There is a need to adopt safety standards in drug trials so that Indian subjects are not treated like laboratory animals. The rules should be framed such that firms will only be able to undertake clinical trials if they sell the drug in India at affordable prices.


Lethargy on 5-year Plan

The meeting of the National Development Council (NDC) held on December 27 (“PM pitches for phased hike in fuel prices”, The Tribune, Dec 28) to discuss the draft of the 12th Five-Year Plan was supposed to be a brainstorming session, but it proved to be a damp squib. That the Plan period started on April 1, 2012) and the draft is being finalised nine months after that speaks of the lethargy of the Planning Commission.
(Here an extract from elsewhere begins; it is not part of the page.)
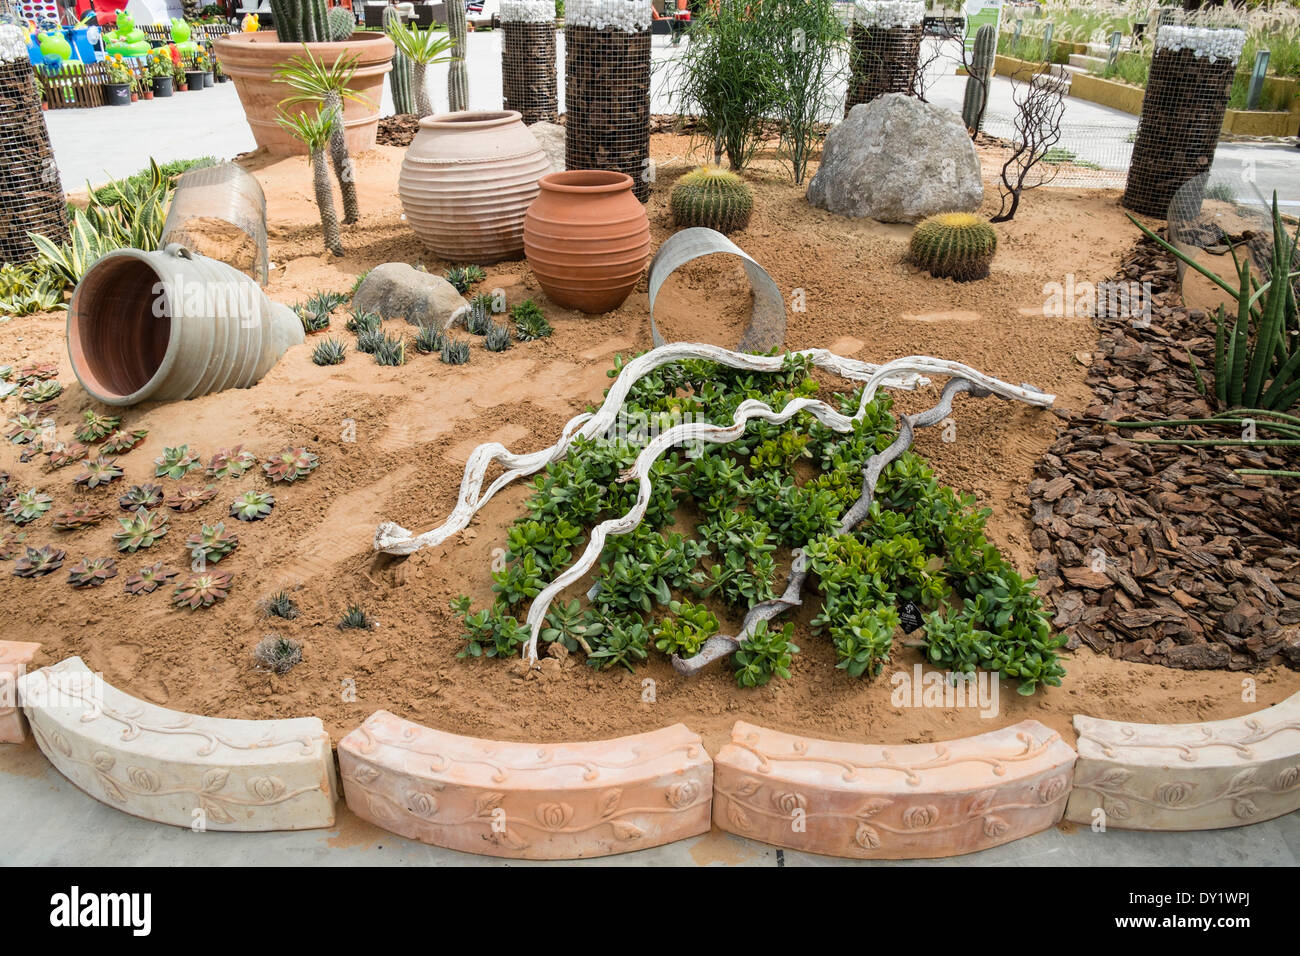 Dubai, United Arab Emirates. 3rd April 2014. The opening day of the first Dubai International Garden Competition. This is Burj Sahara garden based on low maintenance in hot desert climate Credit:  Iain Masterton/Alamy Live News Stock Photo

The Prime Minister delivered a very evasive speech and was reported very briefly by the media. He took little pains to explain how the GDP growth would make a quantum jump from 5.3 to 8 per cent during the next four years in the background of economic instability at the international level and poor governance at the national level. There are burning issues like the rising debt of states and power utilities, the increasing import bill, big fiscal deficit, Rs 5 lakh crore debt of top 10 private companies, inflation, the falling rupee value, recession, the shortage of coal at power plants, inadequate development of solar and hydro-power and mining of minerals, delayed clearance of projects and the time bomb of population explosion. The financial health of West Bengal is worse than that of Greece, and still the Chie Minister did not attend the NDC meeting to read her speech.

People at large have absolutely no idea whatsoever about the contents of the Plan document. There is need to highlight the contents of the Plan document. The year 2013 will show the actual dimensions of the financial cliff the country is going to come across. Let us wait and watch.